Well, it's been some time since my last entry. So much has happened in the last 4 days. I've had a few interesting experiences with cultural issues but I think I have gotten to know my fellow students here at the IES Metropolitan program a good deal better.
It's really been amazing. Not just the fact that I've spent 3 nights straight out on the town, but one point I could extend to you is that Berlin is a city that never sleeps. Of course they say that about New York, but few and far between are the deafening parties in the Big Apple that extend so late into the night that all those who attend bring ray-bans to watch the sunrise. Artists are relocating here from New York due to a cheaper lifestyle and numerous opportunities to try out their skills in a society that, following the collapse of the wall in 1989, has come to appreciate graffiti instead of condemning it. I also am beginning to get the feeling that a privacy bubble worn around each person here is a bit thicker than in the US, so if you want to begin a conversation with a local, you need to have a good purpose.

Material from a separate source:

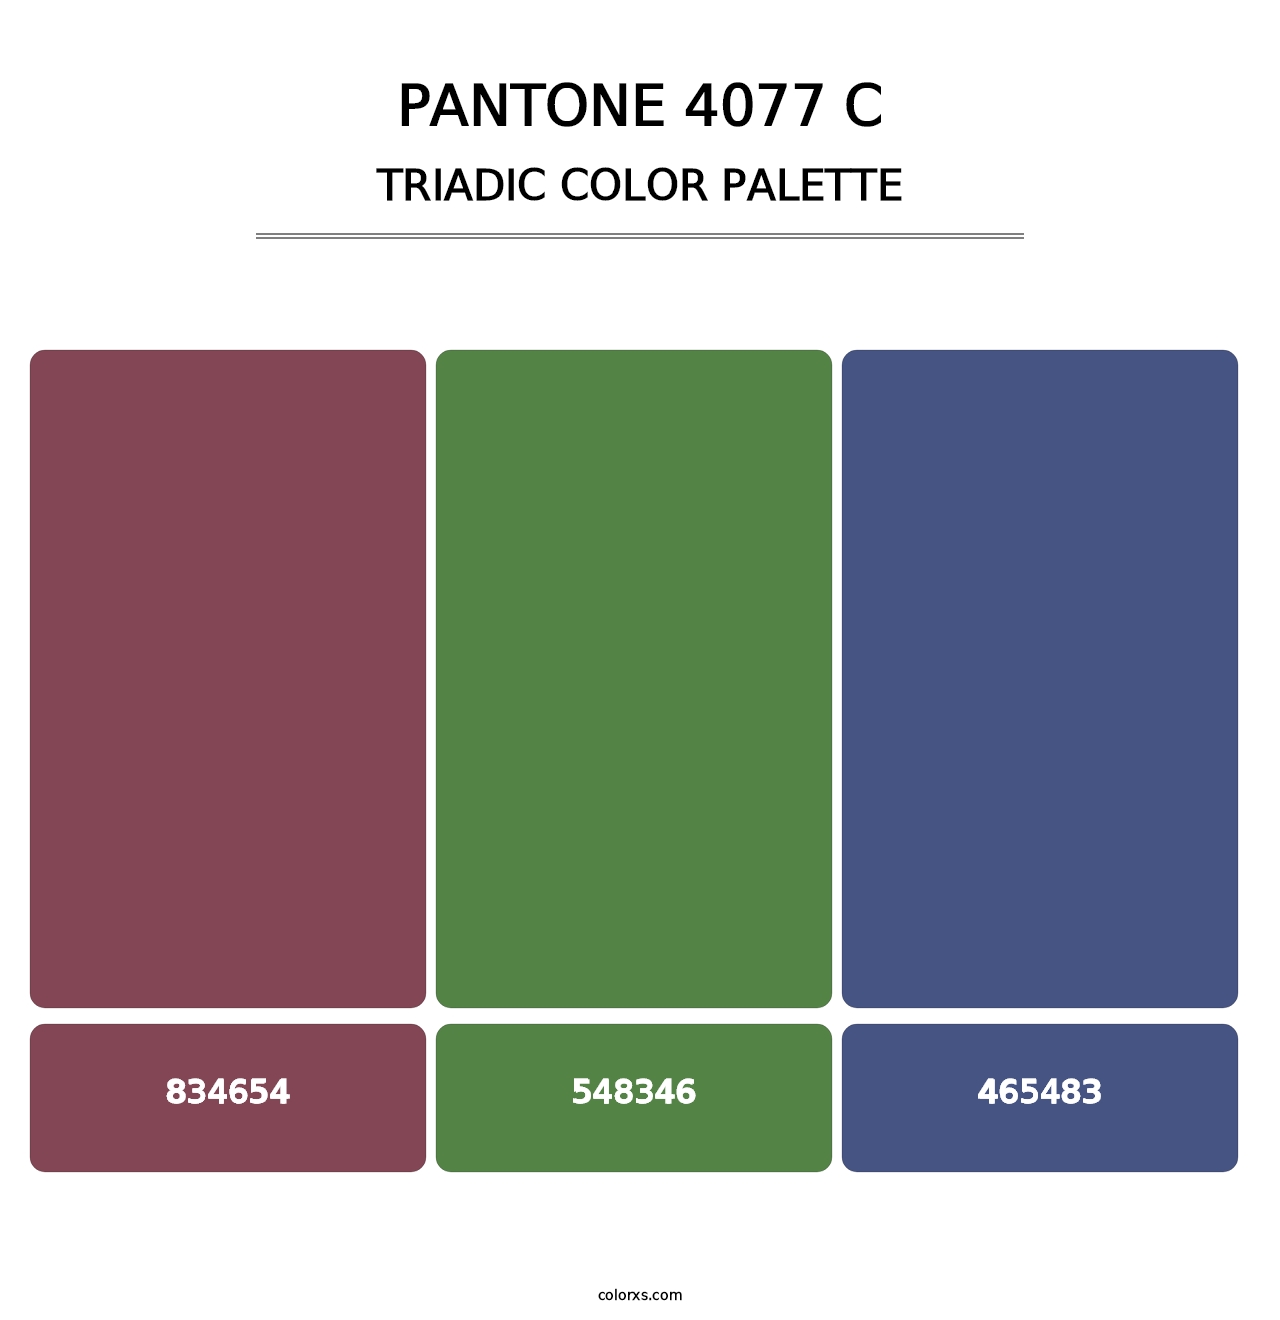 PANTONE 4077 C - Triadic Color Palette

This also means that the Berliners who have become close friends are perhaps far closer in terms of how well they know each other and their mutual backgrounds, et cetera. There are no trivial or superficial acquaintances here in Berlin, because it takes so much time for another person to become dear.
Living in Berlin requires you to be smart. If you want to think on your feet and be spontaneous, you have to be prepared with a great deal of background information about where you are, where you want to go, and how you can get there. The city seems to be fighting against my inclination to ride by the seat of my pants (so to speak) and make plans 5 minutes before I act. I suppose that up until now, I have been quite lucky with the outcome of my travels. I have relied on others to make calls for me, because I have no handy (European term for cell phone). Thus I deny most responsibility for making plans about where we should go next. Each night has been something new to me, basically because I have been following the leader. But a couple of days ago, I ordered myself a handy, and so I will have to be smarter still.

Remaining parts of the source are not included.